The cruise control unit is hardwired and the control unit itself plugs into a harness. So there are hard contacts on the control box itself. I'm sure it can be retrofitted, but you will have to cut the harness that sits inside the wheel out and resolder the connections so that you can still plug in the control box.


----------



## himilefrontier (Jan 21, 2003)

One thing you should know before you do this is that eliminating the airbag is against Federal law.


----------



## wes (Apr 30, 2002)

*How so?*

Since vehicle equipment laws vary from state to state how does federal legislation enforce this? Not trying to be a dick, just wondering if you have documentation on this or can site any actual legislation. 

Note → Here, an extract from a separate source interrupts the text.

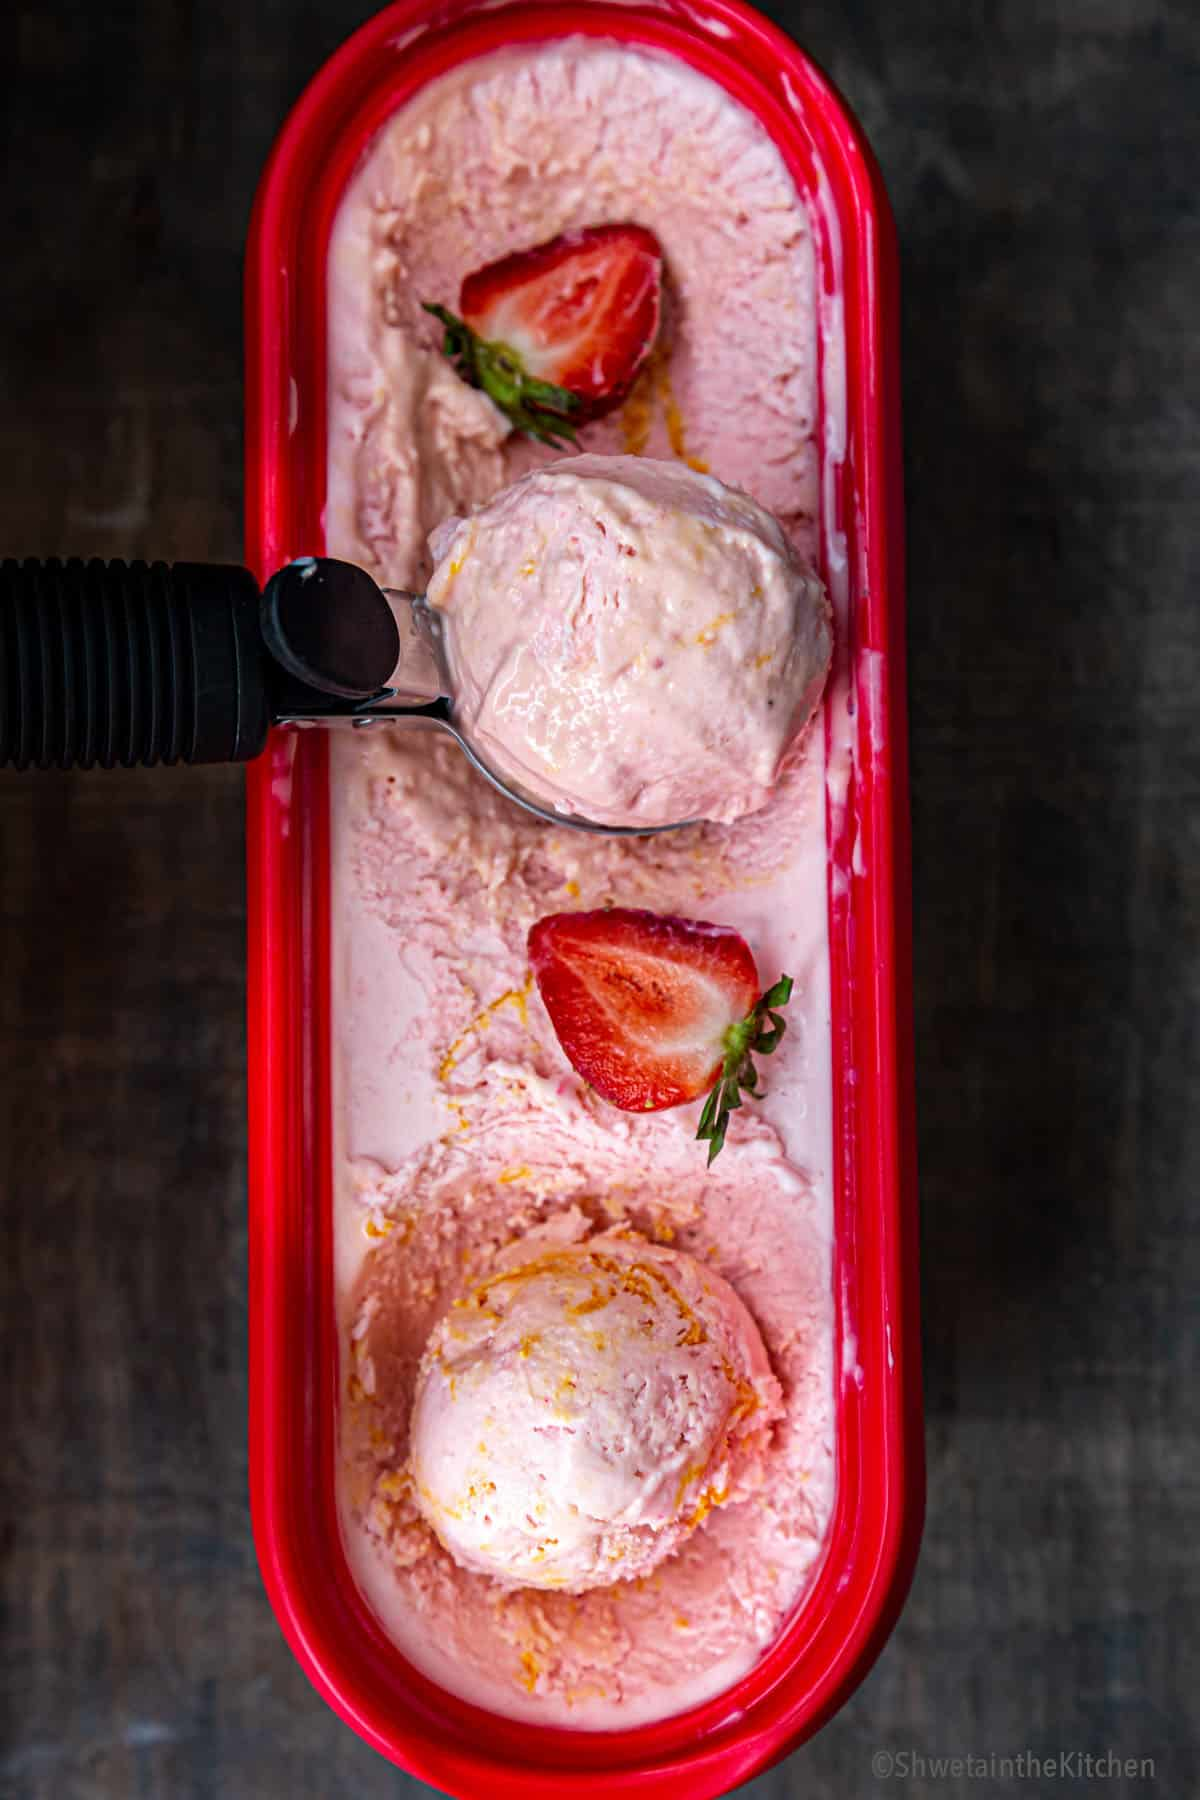 Tub of strawberry icecream with cut strawberry

(I work in the court system and this interests me).


----------



## Gimp (Jun 9, 2002)

Wondering the same thing myself. Helps in the process of getting an aftermarket steering wheel.


----------



## himilefrontier (Jan 21, 2003)

The way I know this is that I have read somewhere(sorry,I can't remember where)that it is illegal to even research making a non oem steering wheel for airbag equipped cars!This is not ot say that it is enforced by any particular agency,but it is illegal.It's sorta like emissions laws.Every state enforces them differently(some not at all),but there are federal anti-tampering laws that everyone who lives in this country are subject to.This doesn't mean that your car will ever be checked,but if a cop wants to be nasty...well... you can get in trouble for it!(The lesson? Be nice to cops when they pull you over,don't make them dislike you or they can REALLY make you hate them!)


----------



## himilefrontier (Jan 21, 2003)

Oh,and one more thing:If you are stupid enough to go street racing,they WILL get you for every infraction-no matter how small-and possibly even take your car!This is the fastest way to find out just how illegal your car may be.So,if you don't want trouble,don't go looking for it.Besides(and I hate to sound preachy),street racing is not smart.You run the risk of killing innocent bystanders and having a really bad accident because of the uncontrolled environment of the street.You never know when someone will pull out in fron of you,and you may be going too fast to stop in time.I've heard of too many people needlessly killed over the years by street racing.But enough of that.I'm done with my tirade.


----------



## wes (Apr 30, 2002)

*OK OK*

I totally agree with the street racing points. 


And now back to the previously hijacked thread


----------



## sr20jet (Feb 5, 2003)

The reason why I'm replacing my wheel is because the grip is very worn and disgusting looking. I rather go with the nice interior look of a Momo wheel with hub, reasonably under $200 instead of buying a new air-bag wheel from the dealer for almost $300-$400. And if I do get pulled over, I could always say that the car was invovled in a accident and replacing the wheel wasn't a viable cost replacement option. My car wasn't meant for street racing anyways. Just my daily driver with me being happy with my inside interior surroundings.


----------